我正在为网站创建一个python scraper来提取价格,产品编号,编号,描述。当我运行此脚本时,它只会拉出页面的第一项,然后转到下一个URL。 python的新手只是想知道如何修改以从页面中提取所有产品。由于澄清第一个网址只有一个产品,但第二个第三个网站都有很多产品没有被拉。
import requests
from bs4 import BeautifulSoup
import random
import time
product_urls = [
'https://www.qiagen.com/us/shop/pcr/primer-sets/miscript-precursor-assays/#orderinginformation',
'https://www.qiagen.com/us/shop/pcr/primer-sets/miscript-primer-assay-plate/#orderinginformation',
'https://www.qiagen.com/us/shop/pcr/primer-sets/miscript-primer-assays/#orderinginformation',
]
for URL in product_urls:
page = requests.get(URL)
soup = BeautifulSoup(page.text,"lxml")
timeDelay = random.randrange(5, 25)
for item in soup.select('.content'):
cat_name = item.select_one('.title').text.strip()
cat_discription = item.select_one('.copy').text.strip()
product_name = (item.find('div',{'class':'headline'}).text.strip())
product_discription = (item.find('div',{'class': 'copy'}).text.strip())
product_number = (item.find('td',{'class': 'textLeft paddingTopLess'}).text.strip())

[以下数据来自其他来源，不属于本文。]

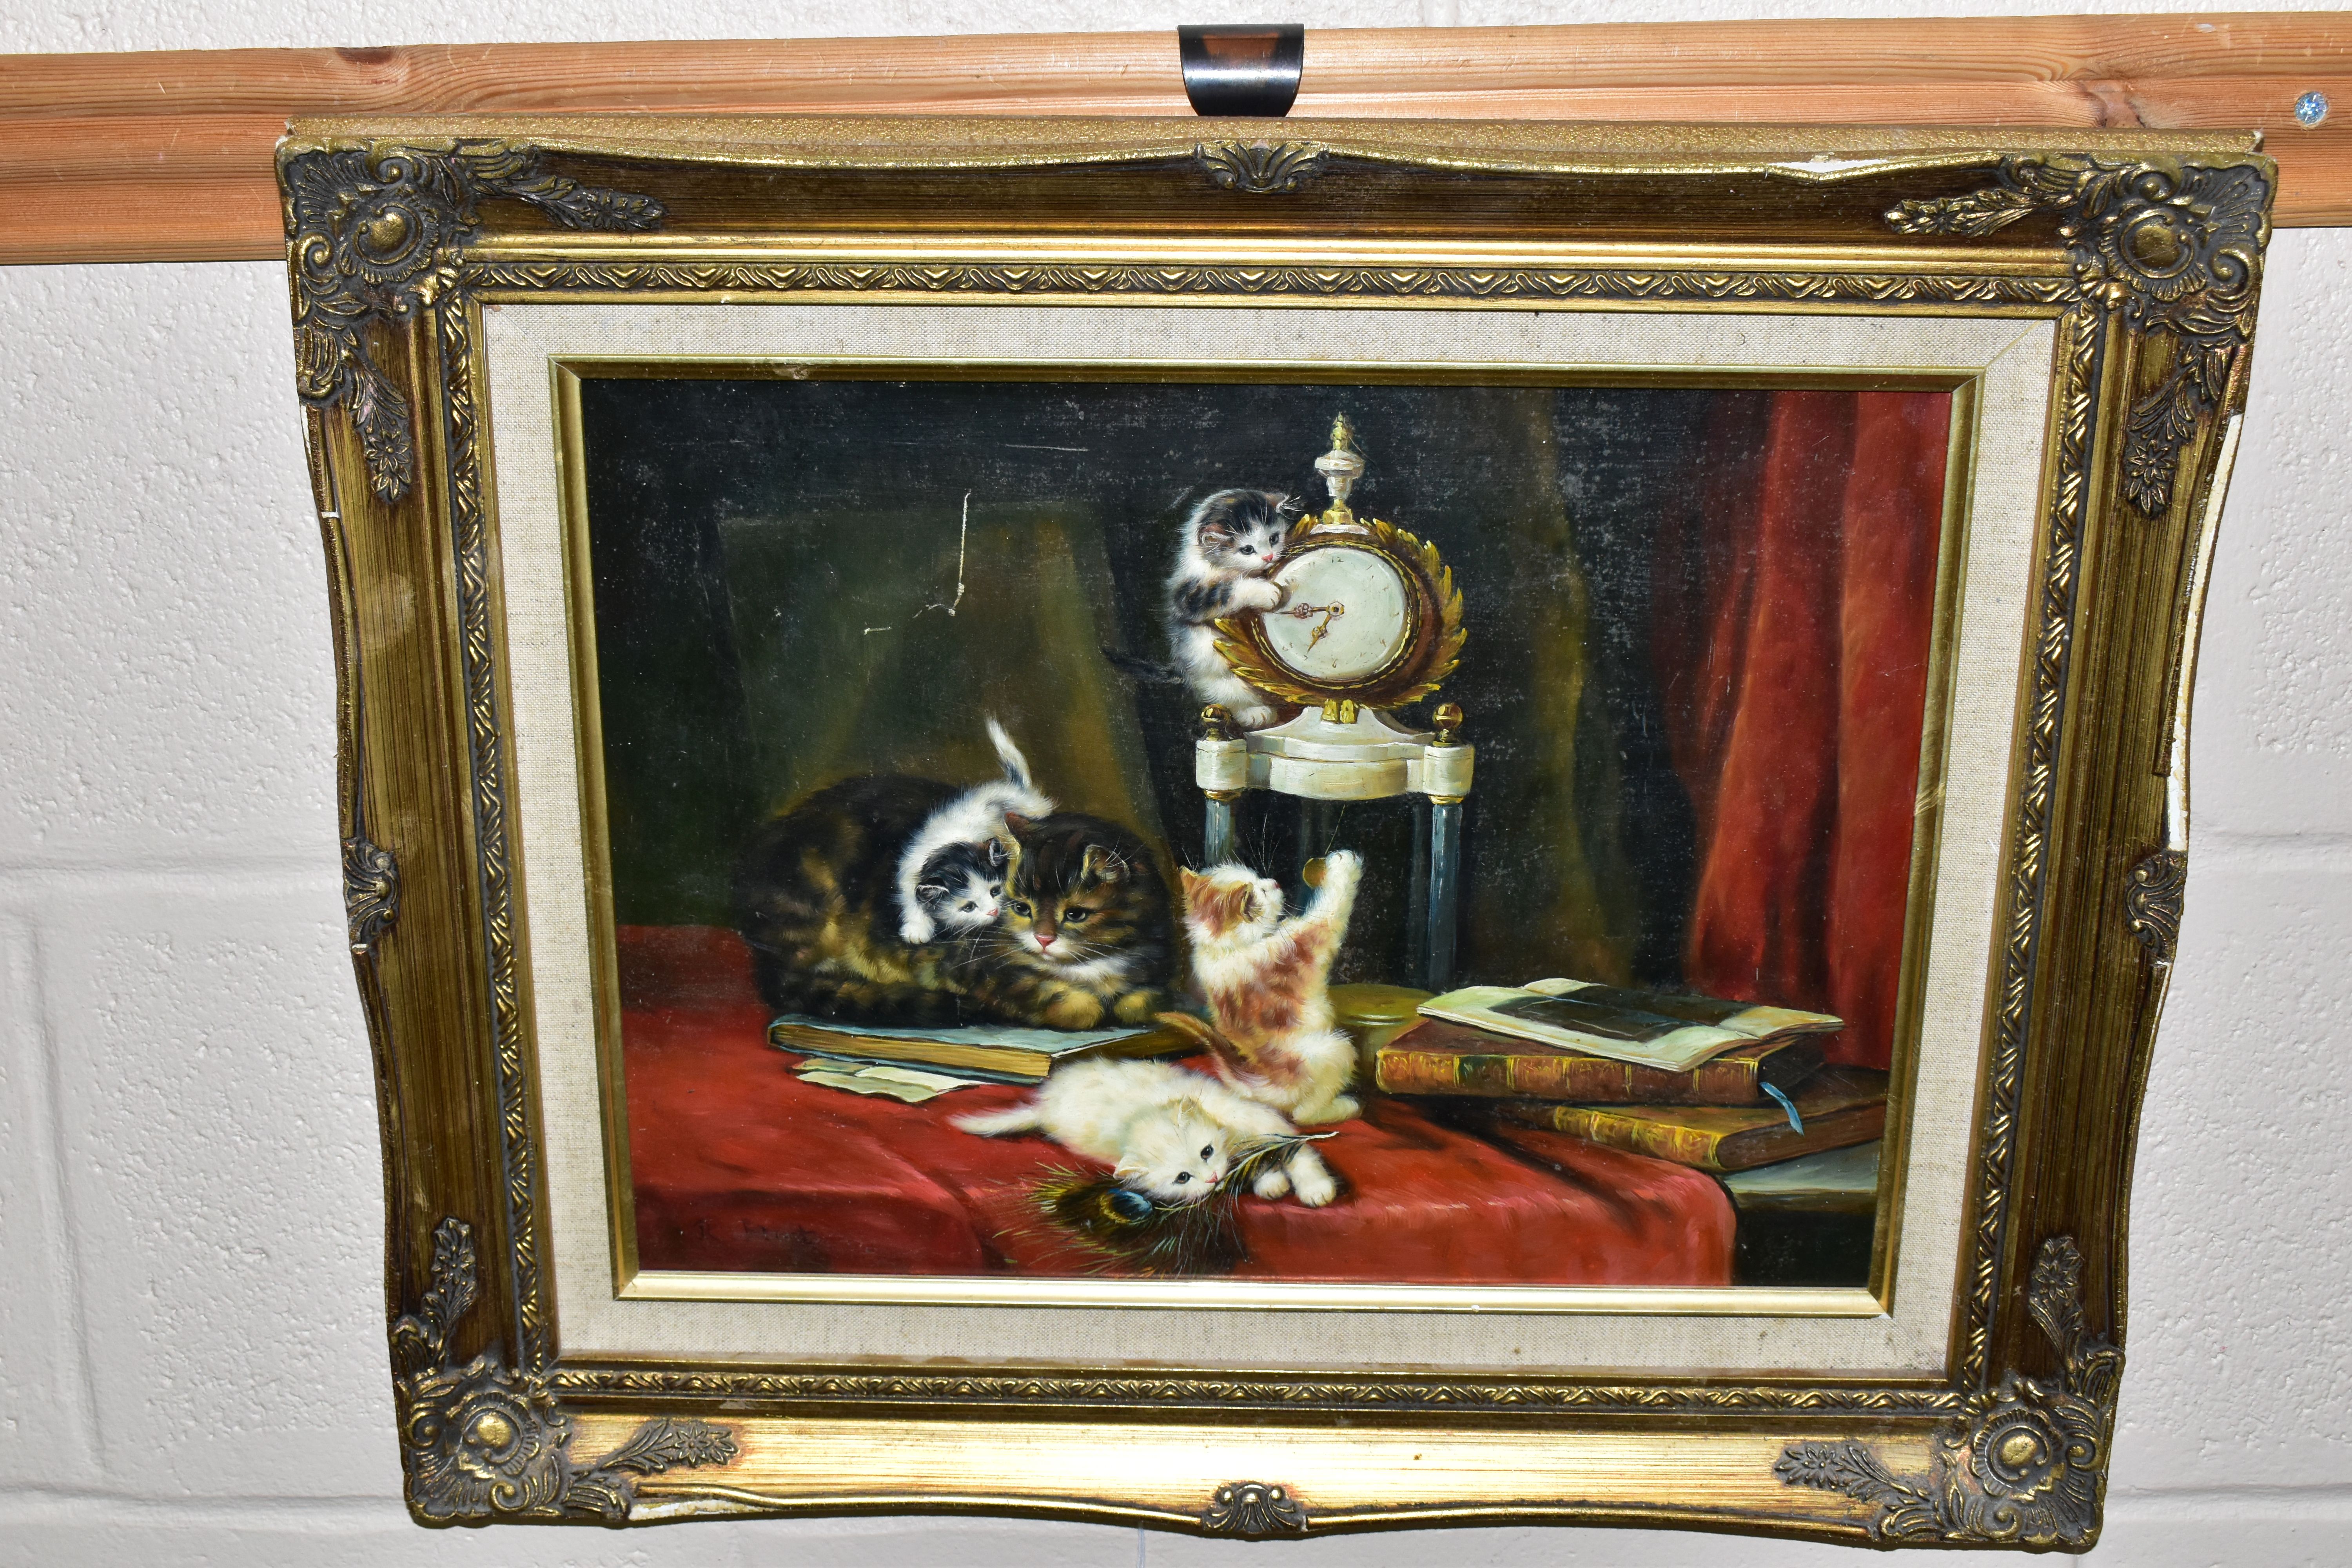 R. FLINT (20TH CENTURY) 'A CAT WITH KITTENS AT PLAY', signed bottom left, oil on wooden panel,

cat_number = (item.find('td',{'class': 'textRight paddingTopLess2'}).text.strip())
product_price = (item.find('span',{'class': 'prc'}).text.strip())
print("Catagory Name: {}\n\nCatagory Discription: {}\n\nProduct Name: {}\n\nProduct Discription: {}\n\nProduct Number: {}\n\nCat No: {}\n\nPrice: {}\n\n".format(cat_name,cat_discription,product_name,product_discription,product_number,cat_number,product_price))
time.sleep(timeDelay)
答案 0 :(得分:0)
您可以从pane
类div获取表格元素。第四张桌子是主要产品&第五个(现有的)是附加产品。
在下面的示例中,我使用list comprehension输出元组列表,其中包含标题,描述,产品编号,类别n°&价格:
from bs4 import BeautifulSoup
import requests
product_urls = [
'https://www.qiagen.com/us/shop/pcr/primer-sets/miscript-precursor-assays/#orderinginformation',
'https://www.qiagen.com/us/shop/pcr/primer-sets/miscript-primer-assay-plate/#orderinginformation',
'https://www.qiagen.com/us/shop/pcr/primer-sets/miscript-primer-assays/#orderinginformation',
'https://www.qiagen.com/us/shop/pcr/real-time-pcr-enzymes-and-kits/miscript-target-protectors/#orderinginformation',
'https://www.qiagen.com/us/shop/pcr/real-time-pcr-enzymes-and-kits/two-step-qrt-pcr/miscript-sybr-green-pcr-kit/#orderinginformation'
]
session = requests.Session()
for URL in product_urls:
response = session.get(URL)
soup = BeautifulSoup(response.content, "html.parser")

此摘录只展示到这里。